Nimodipine Blocks Histone-Induced Calcium Overload to Protect Neurons after Traumatic Brain Injury

Aims: To investigate if nimodipine alleviates traumatic brain injury (TBI)-induced neuronal Apoptosis and neurological deficits by inhibiting extracellular histone-mediated CA²⁺ influx, mitochondrial damage, and Caspase pathway activation. Results: In vitro, nimodipine significantly reduced histone-induced CA²⁺ influx in cortical neurons, reversed by CA²⁺ activator A23187. It restored neuronal proliferation (↑3-(4,5-dimethylthiazol-2-yl)-2,5-diphenyltetrazolium bromide, ↑Ki67+ cells), reduced Apoptosis (↓Annexin V/propidium iodide), improved mitochondrial function (↑ΔΨm/adenosine triphosphate, ↓reactive oxygen species/malondialdehyde, ↑Glutathione Peroxidase), and modulated Apoptosis markers (↓Bax, ↑Bcl-2).
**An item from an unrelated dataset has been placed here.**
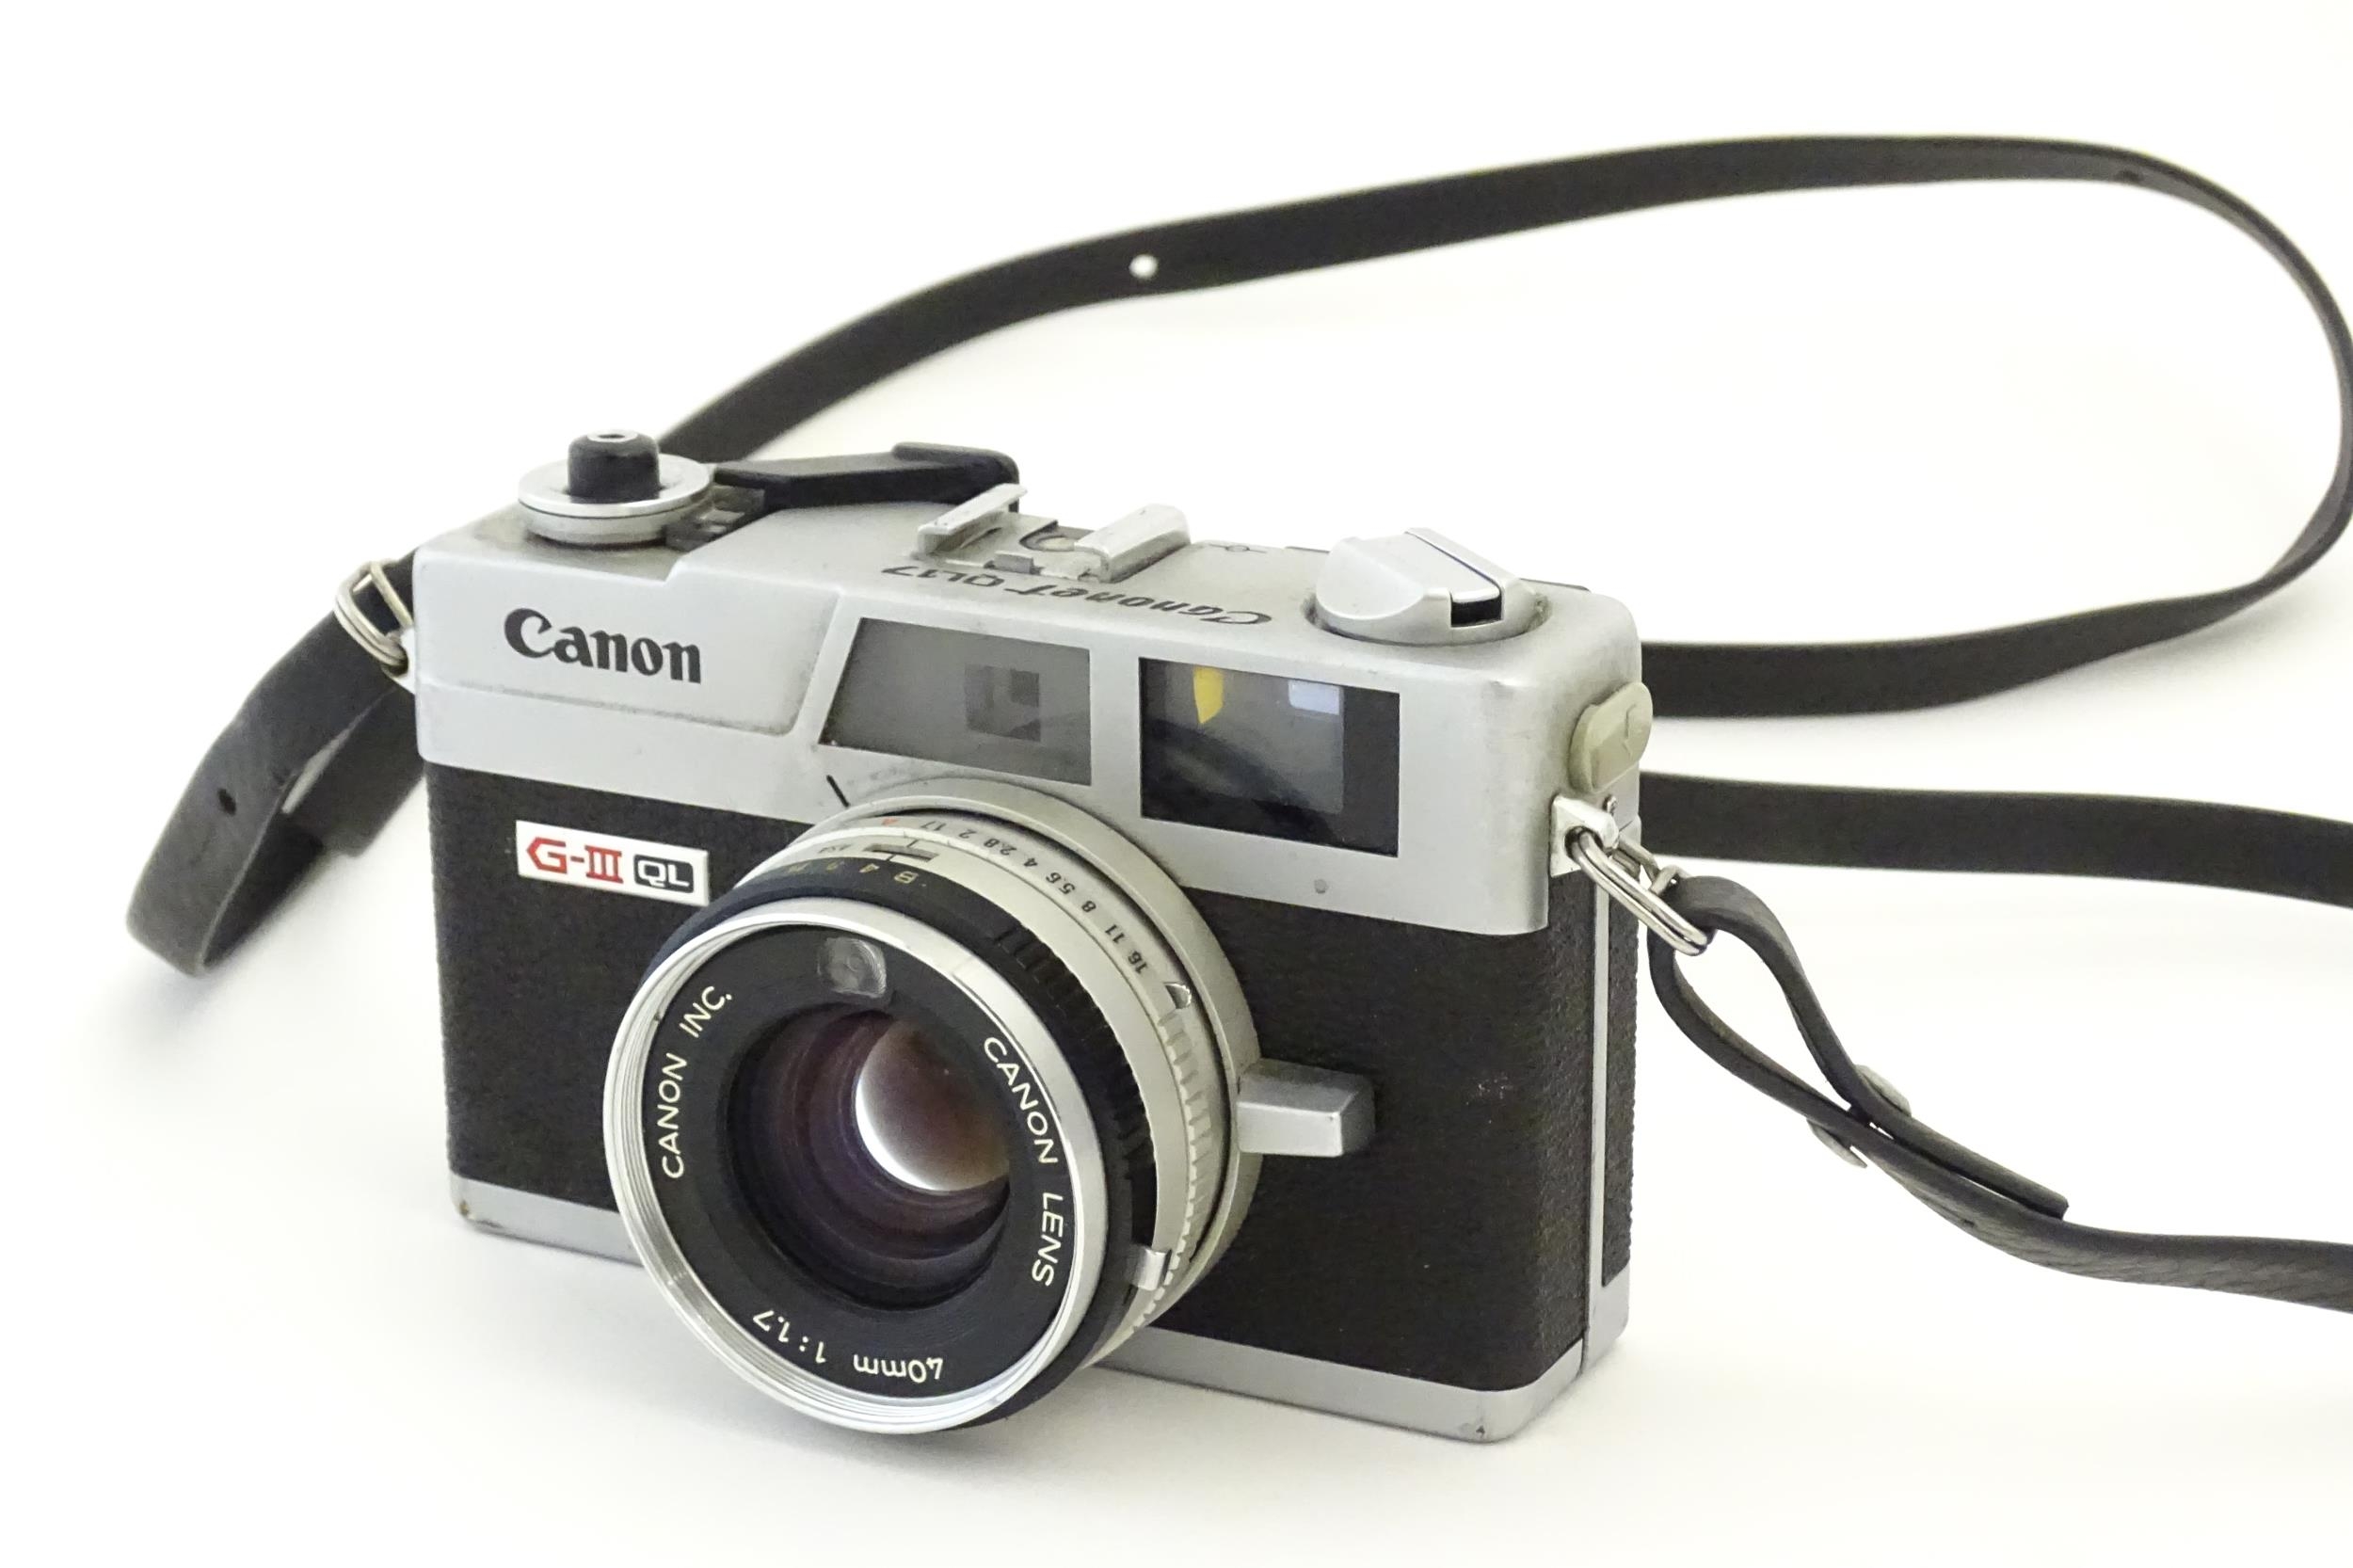 A Canon Canonet G-III QL17 35mm film camera, c1972, cased with lens cap. Approx 4 5/8" wide Please

These effects were blocked by A23187 or Caspase Activator AD-2646, which increased Cleaved Caspase-3/9 and PARP1. Molecular docking confirmed nimodipine-histone binding. Transcriptomics revealed nimodipine reversed histone-induced dysregulation of CA²⁺ signaling, mitochondrial Apoptosis, and oxidative stress pathways, with Caspase-3 as a key protein-protein interaction node. In vivo, nimodipine improved spatial memory (Morris maze), neurological function (↓modified neurological severity score), and motor coordination (↑rotarod) in TBI mice. It reduced brain lesions (2,3,5-triphenyltetrazolium chloride), neuronal loss (hematoxylin and eosin/Nissl), CA²⁺ accumulation, and proapoptotic protein expression and restored ΔΨm. Histone coadministration attenuated these benefits. Innovation: First demonstration that nimodipine directly targets extracellular histone-induced CA²⁺ influx-a key TBI pathology mechanism-preserving mitochondrial integrity and inhibiting the Caspase cascade, extending beyond its known vasodilatory effects. Conclusion: Nimodipine mitigates post-TBI neuronal Apoptosis and dysfunction by blocking extracellular histone-driven CA²⁺ overload, preventing mitochondrial damage, and suppressing Caspase activation, significantly improving functional recovery. Antioxid. Redox Signal. 00, 000-000.

calcium influx; caspase pathway; extracellular histones; neuroprotection; nimodipine; traumatic brain injury.